English law local counsel
International transactions and cross-border regulatory matters frequently require English-law or UK-regulatory input from a specialist who understands the sector, not just the jurisdiction. Foreign law firms, global project teams and international legal departments need a local counsel partner who can provide substantive regulatory analysis on UK telecoms, data protection and payments law, work to compressed cross-border timetables, and integrate cleanly with multi-jurisdictional teams. Bratby Law acts as English-law local counsel for firms and organisations that need sector-specialist UK regulatory input inside a wider international matter.
Who this is for
English-law local counsel is designed for legal teams leading cross-border matters who need UK-specific regulatory input. Typical clients include international law firms acting on multi-jurisdictional transactions where one or more target entities hold UK regulatory authorisations or operate under UK telecoms, data protection or payments regulation; overseas general counsel and regional legal teams managing UK-facing compliance from outside the UK; global project teams coordinating regulatory workstreams across multiple jurisdictions; and international consultancies or advisory firms delivering cross-border regulatory analysis that includes a UK component. The common requirement is English-law expertise in telecoms, data or payments regulation delivered as part of a coordinated international effort.
Cross-border use cases
The situations where English-law local counsel is needed typically involve a UK regulatory dimension within a wider international matter. A multi-jurisdictional M&A transaction where the target group includes a UK-authorised payment institution or electronic money institution, and the lead counsel needs an assessment of FCA change-in-control requirements under the Payment Services Regulations 2017. A global telecoms group restructuring its European operations, where UK entities hold Ofcom General Conditions authorisations, numbering allocations or spectrum rights that require regulatory analysis. An international data governance programme where the UK GDPR and Data Protection Act 2018 analysis needs to be coordinated with EU GDPR and other jurisdictional requirements. A cross-border JV or network-sharing arrangement where the UK regulatory framework under the Communications Act 2003 imposes specific conditions on the structure or operation of the arrangement.
The English-law role
As English-law local counsel, we take responsibility for the UK regulatory workstream within the wider matter. This means providing substantive English-law opinions on regulatory status, authorisation requirements and compliance obligations. It means drafting or reviewing UK-specific regulatory provisions in transaction documents, shareholder agreements and JV arrangements. It means advising on Ofcom, FCA, PSR and ICO notification and approval requirements, and managing those processes where instructed. It means producing regulatory due diligence reports and risk assessments for the UK component of multi-jurisdictional transactions. And it means contributing UK-law sections to international regulatory comparison exercises and compliance matrices.

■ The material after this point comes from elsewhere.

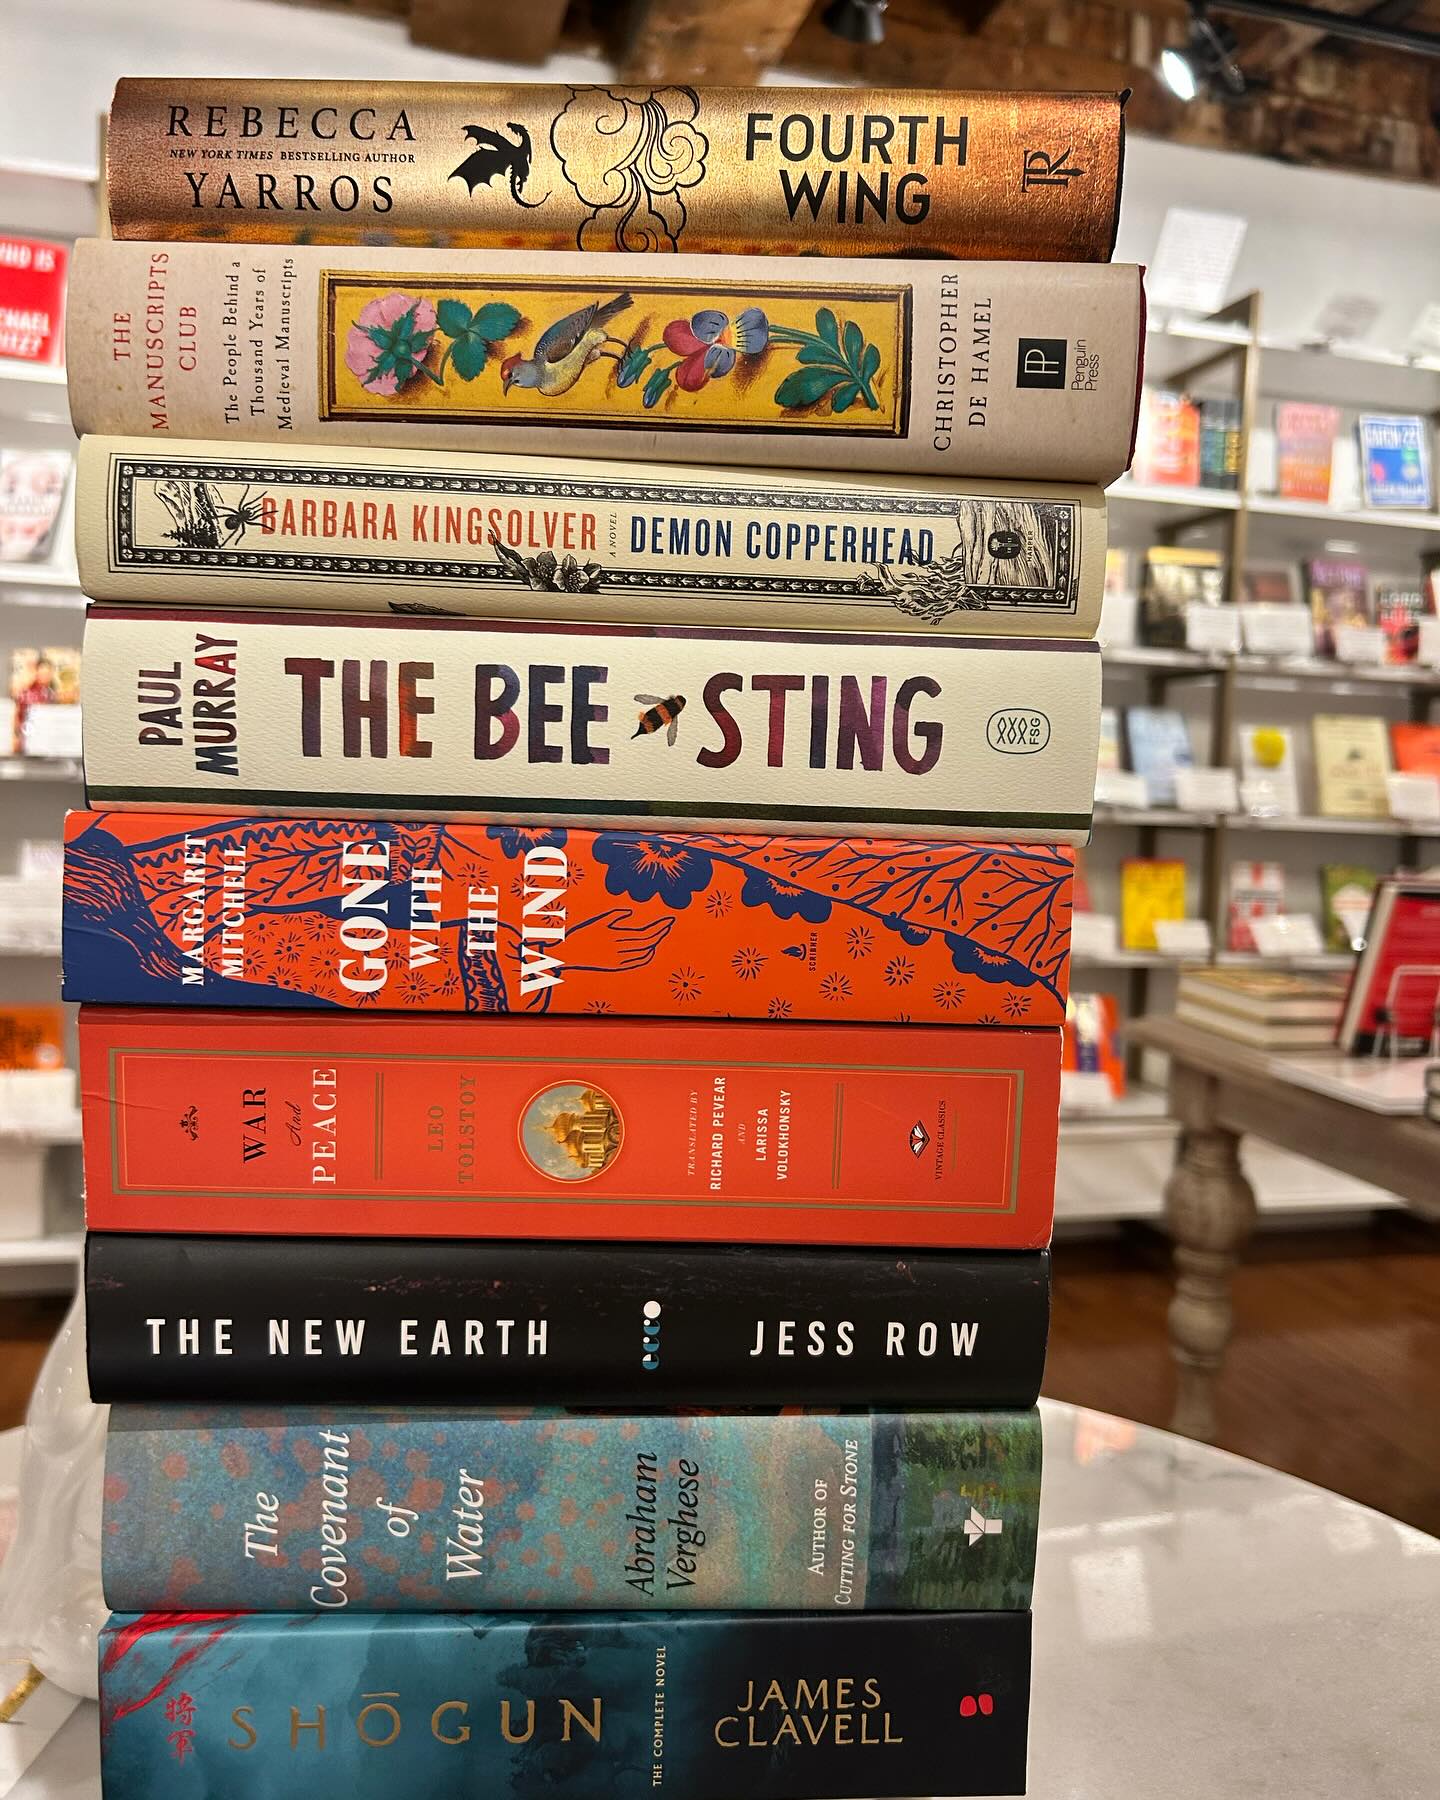 A stack of large books displayed on a table at the store: Fourth Wing, The Manuscripts Club, Demon Copperhead, The Bee Sting, Gone With the Wind, War and Peace, The New Earth, The Covenant of Winter, Shogun
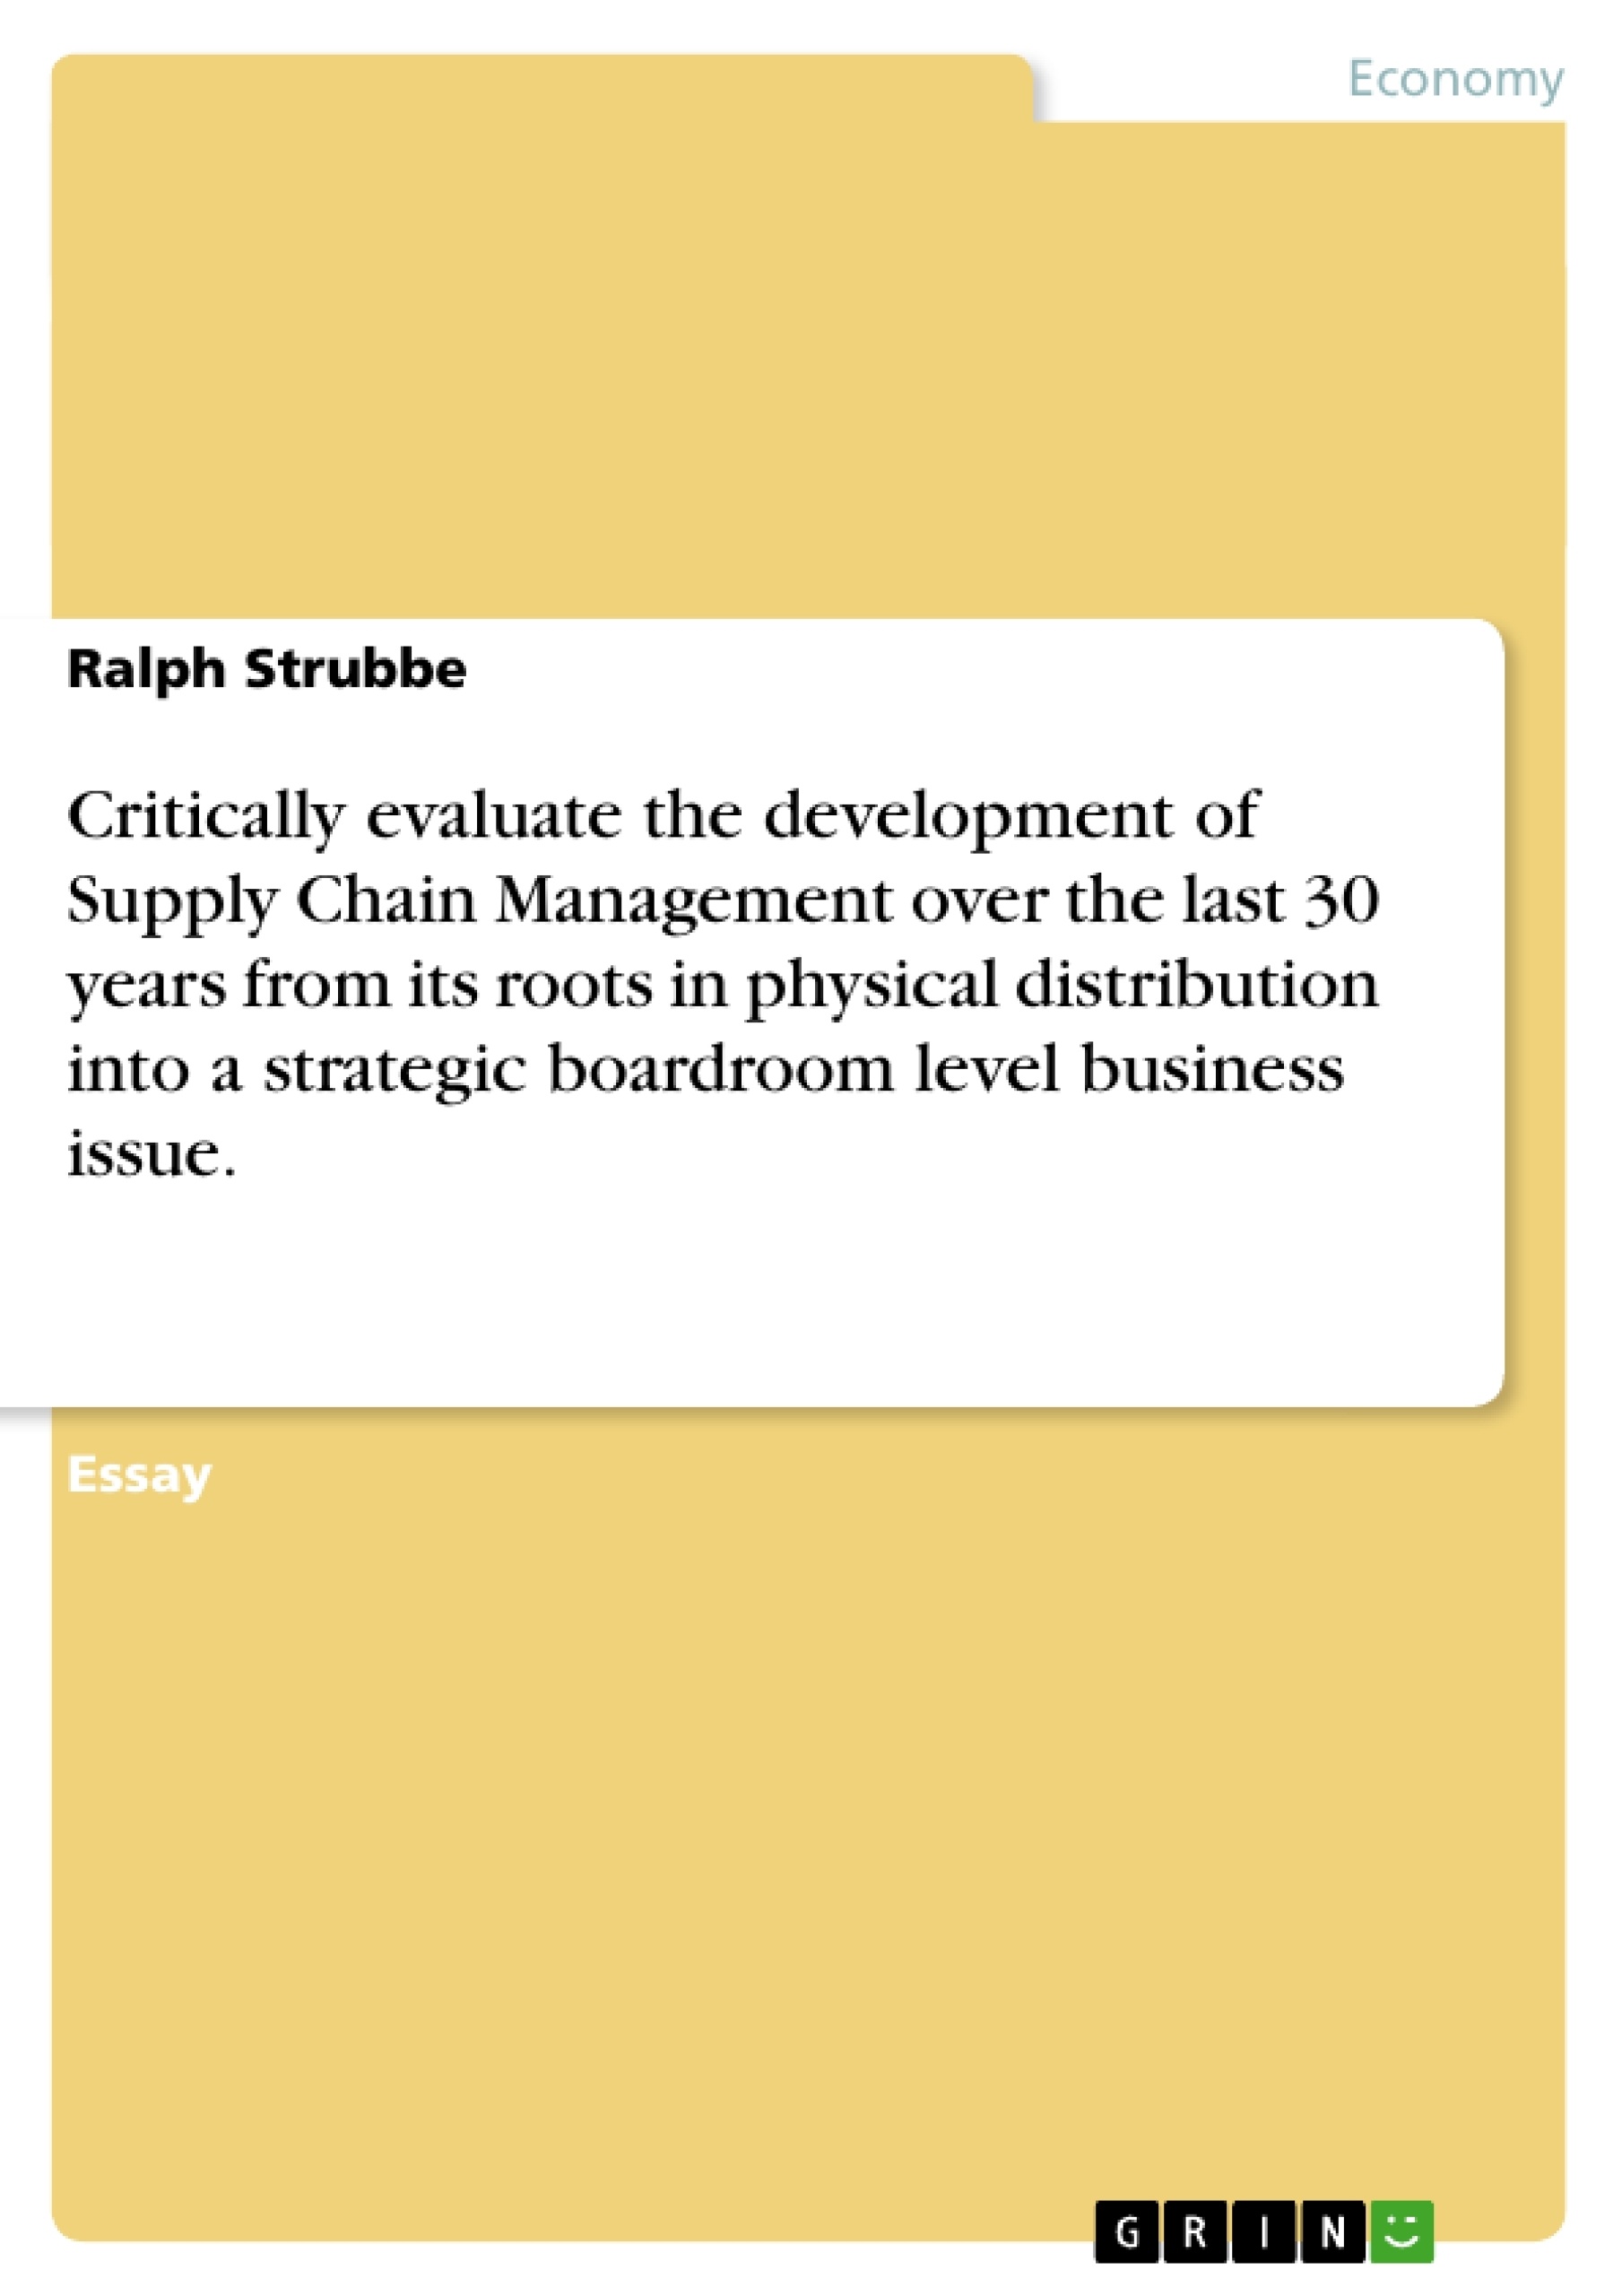 Title: Critically evaluate the development of Supply Chain Management over the last 30 years from its roots in physical distribution into a strategic boardroom level business issue.

We produce all deliverables in the format required by the lead counsel or coordinating firm, and we are experienced in working within multi-firm team structures where clear delineation of responsibility is essential.
Working model
Rob Bratby has over 30 years’ experience in UK telecoms and payments regulation. His career spans Oftel (the predecessor to Ofcom), senior in-house roles at COLT (a pan-European carrier), partnerships at international law firms, and current fractional General Counsel appointments at UK Payments Initiative Limited, TelXL, Core and The One Touch Switching Company. This background means he understands how UK regulators operate in practice, how operators respond to regulatory requirements, and how to present regulatory analysis in terms that international deal teams and boards can act on.
We are accustomed to cross-border working patterns: participating in multi-timezone calls, producing deliverables to coordinating-firm deadlines, and integrating UK-law analysis into international reporting structures. Instructions are typically given by the lead partner or coordinating firm, and we report directly into the international team structure.
Why sector-specialist local counsel
General English-law firms can advise on UK corporate and commercial law, but telecoms, payments and data protection regulation require specialist knowledge that most generalist practices do not hold. The difference is material. A generalist firm may identify that an FCA authorisation exists; a specialist will assess whether that authorisation covers the target’s current activities, whether any permissions gaps create enforcement risk, and how a change of control will affect the authorisation timeline. Similarly, a generalist may note Ofcom General Conditions obligations; a specialist will map those obligations to operational compliance, assess enforcement history, and identify conditions that could constrain post-acquisition integration.
For cross-border teams, instructing a sector-specialist local counsel also reduces coordination cost. The regulatory analysis is produced by someone who understands the commercial context, which means fewer iterations, more precise risk assessments, and deliverables that integrate cleanly with the wider matter.
Related practice areas
English-law local counsel work draws on expertise across Bratby Law’s practice areas. For the UK telecoms regulatory framework, see Telecoms Regulation. For UK GDPR compliance and data governance, see Data Protection. For FCA and PSR authorisation and payments compliance, see Payments Regulation.
Related specialist co-counsel services
See also our other specialist co-counsel services: Transactions Co-counsel for embedded regulatory support on deal workstreams, and Consultant Support for legal integration within consultancy mandates. For ongoing UK legal support for international groups, see UK Counsel for Global Businesses. For an overview of all co-counsel services, see Specialist Co-counsel.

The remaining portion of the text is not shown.